PerformanceJun 9, 2026 · 11 min read

300+ tokens/sec from open models on B200s

Raw GPU FLOPs don't translate to fast inference on their own. The gap between a naive serving setup and a tuned one is often 3–4×. Here are the techniques that get tier-1 open-weight models past 300 tokens per second on dedicated hardware.

Daniel Okafor
Inference Performance Lead

Throughput is a scheduling problem

Generating text is memory-bandwidth bound, not compute bound. Each new token requires reading the entire KV cache and model weights from HBM. The art of fast inference is keeping the GPU's memory pipeline saturated — which is fundamentally a scheduling and batching problem, not a matter of buying more FLOPs.

Continuous batching

Static batching waits for a full batch of requests, runs them in lockstep, and idles whenever any sequence finishes early.
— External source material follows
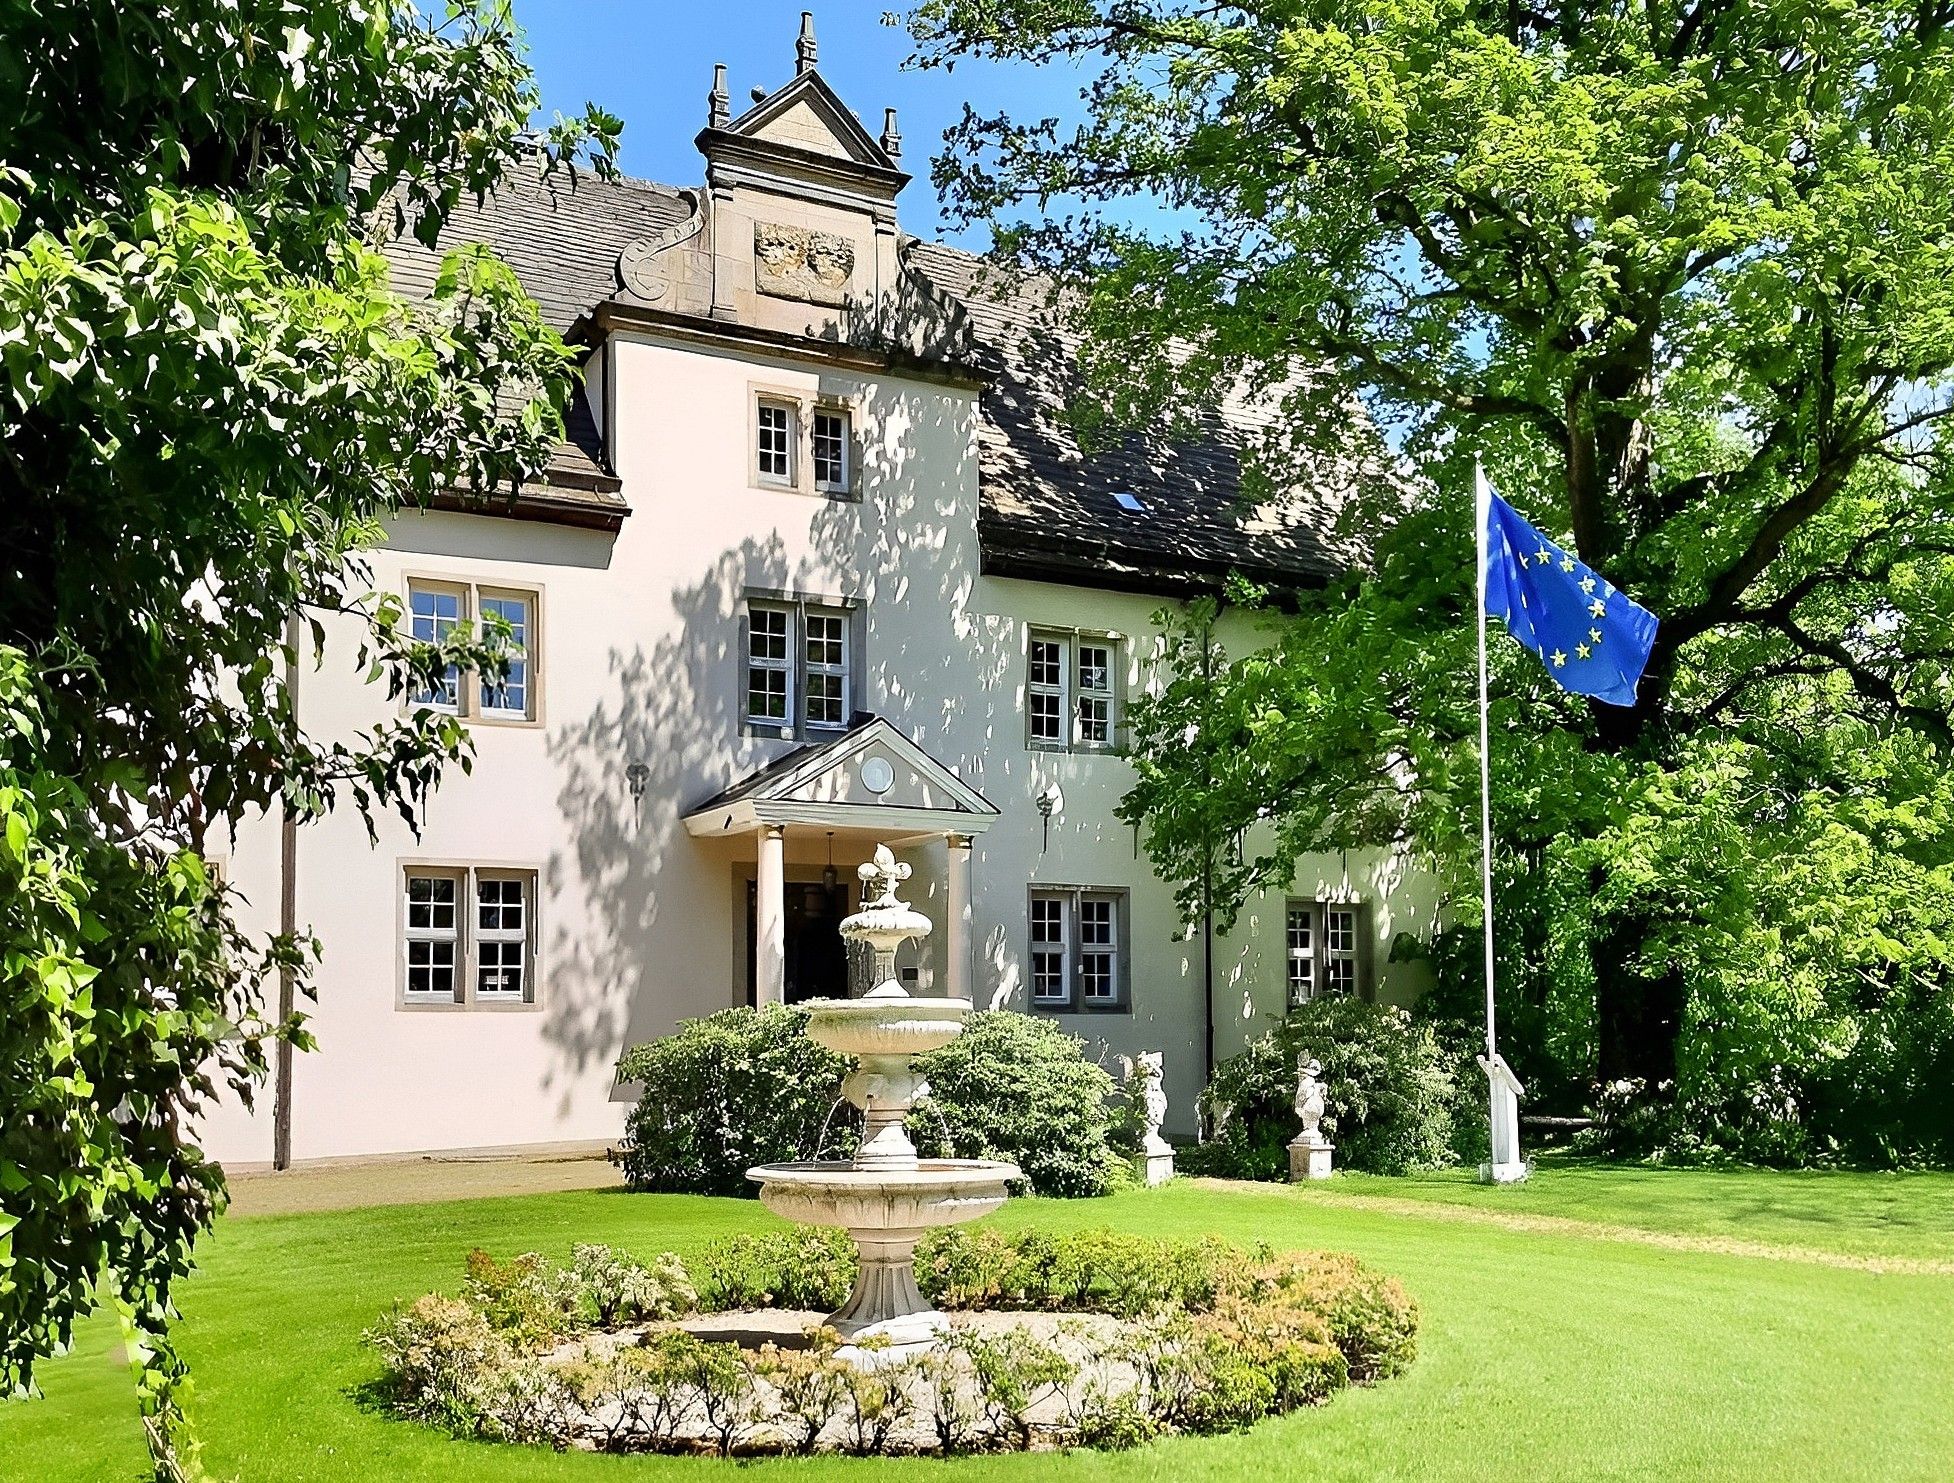 Castle for sale 32683 Barntrup, North Rhine-Westphalia, Exterior View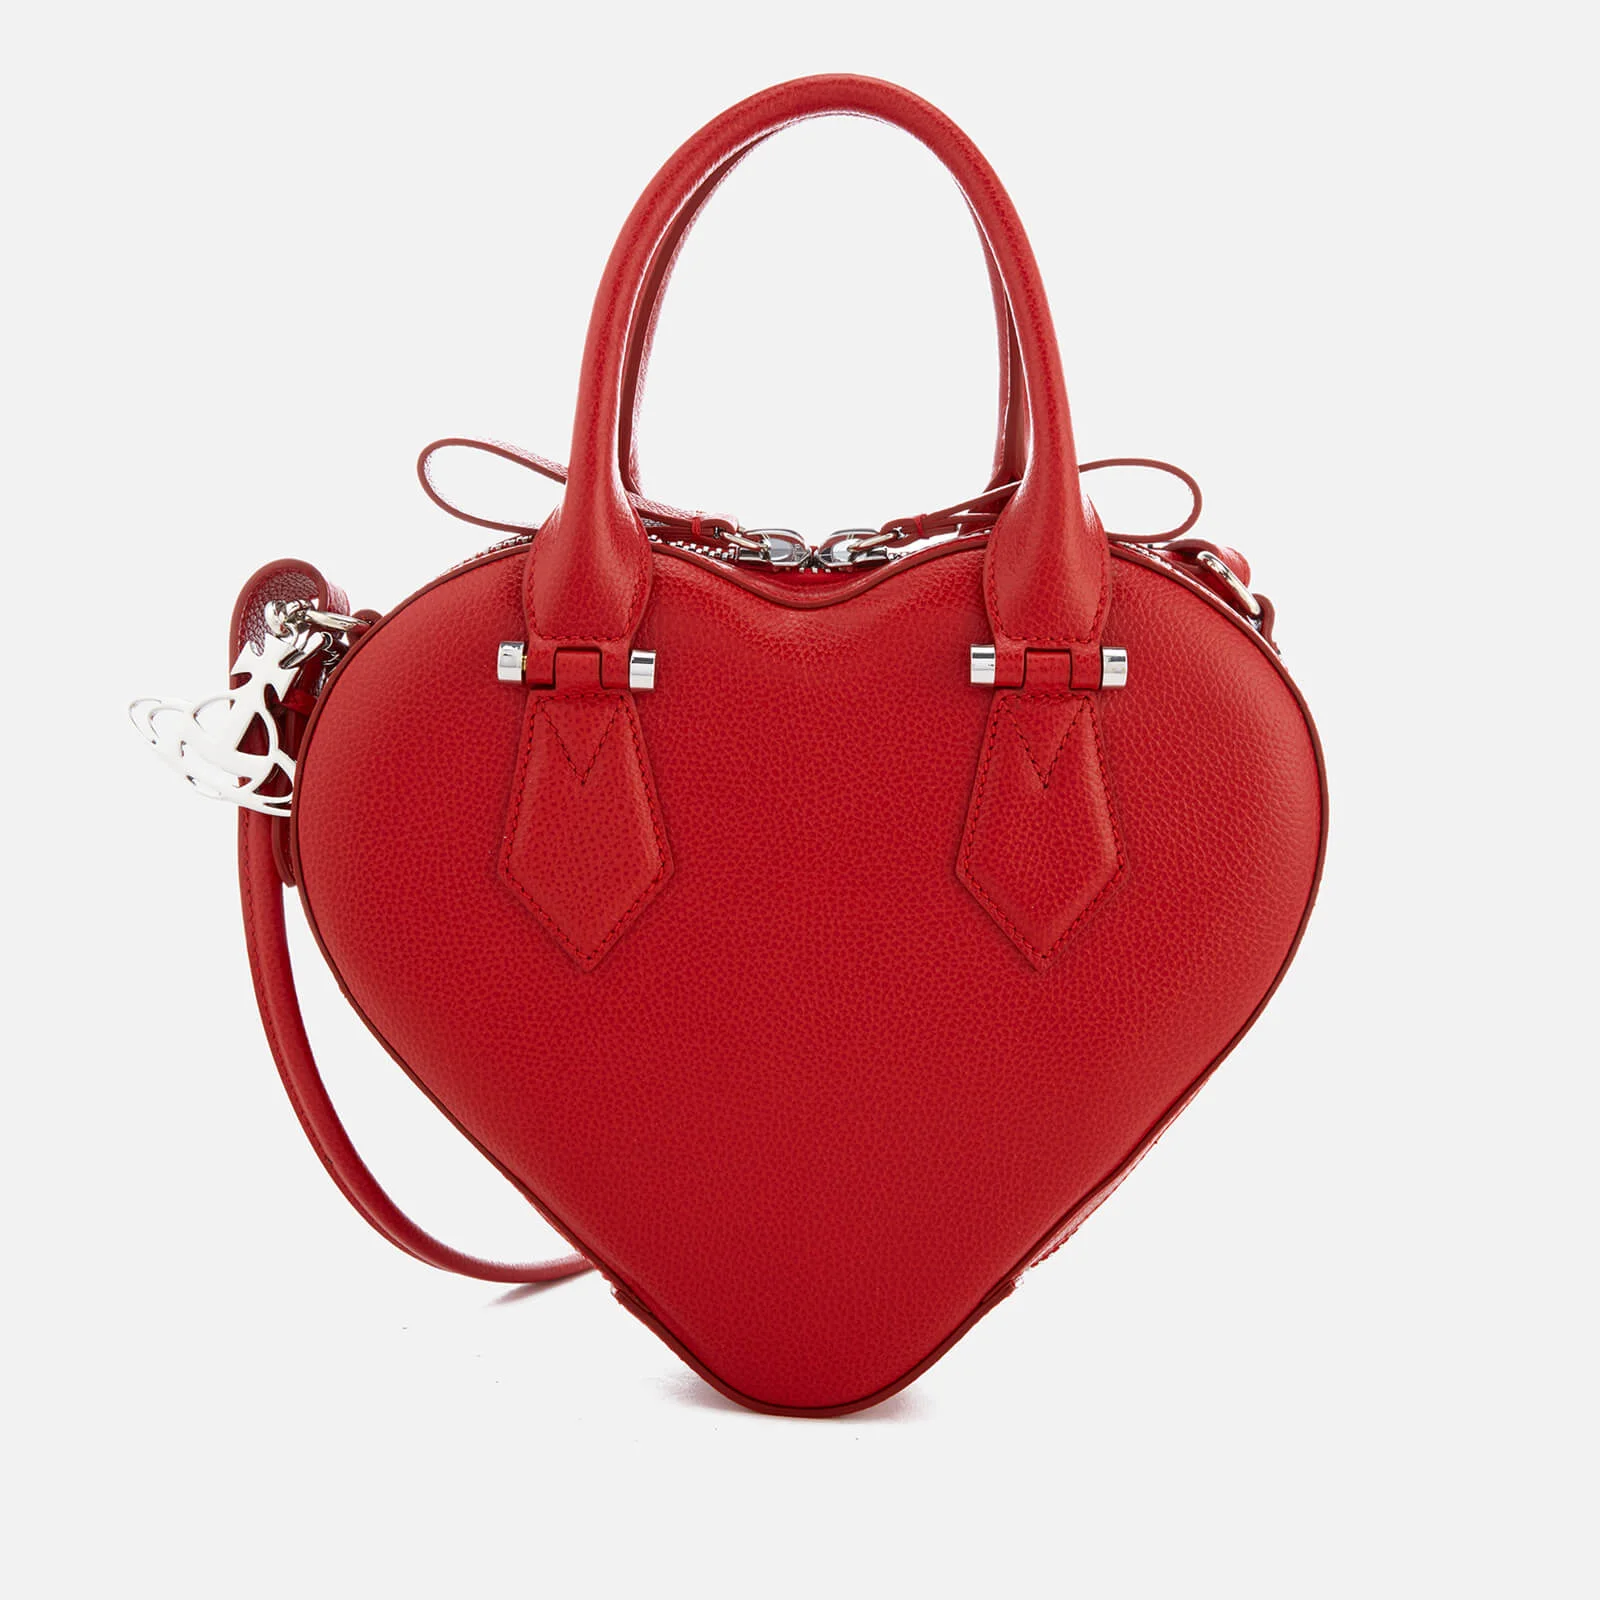 Vivienne Westwood Women's Johanna Heart Handbag - Red Image 1

Continuous batching instead admits and evicts sequences at the token level: the moment one request completes, a waiting request takes its slot in the very next forward pass. On bursty production traffic this alone can double effective throughput, because the GPU never waits on the slowest sequence in a batch.

Speculative decoding

A small, fast "draft" model proposes several tokens ahead; the large target model then verifies them in a single forward pass. When the draft is right — which it often is for predictable spans — you get multiple tokens for the cost of one verification step. For models like DeepSeek-V4, well-tuned speculation yields a meaningful latency reduction without changing a single output token, since rejected guesses simply fall back to standard decoding.

KV-cache management

The KV cache grows with every token and quickly dominates memory. Paged attention treats it like virtual memory — allocating fixed-size blocks on demand instead of contiguous per-sequence buffers. That eliminates fragmentation, lets you pack far more concurrent sequences into the same HBM, and is a big part of how a single node serves high concurrency without falling over.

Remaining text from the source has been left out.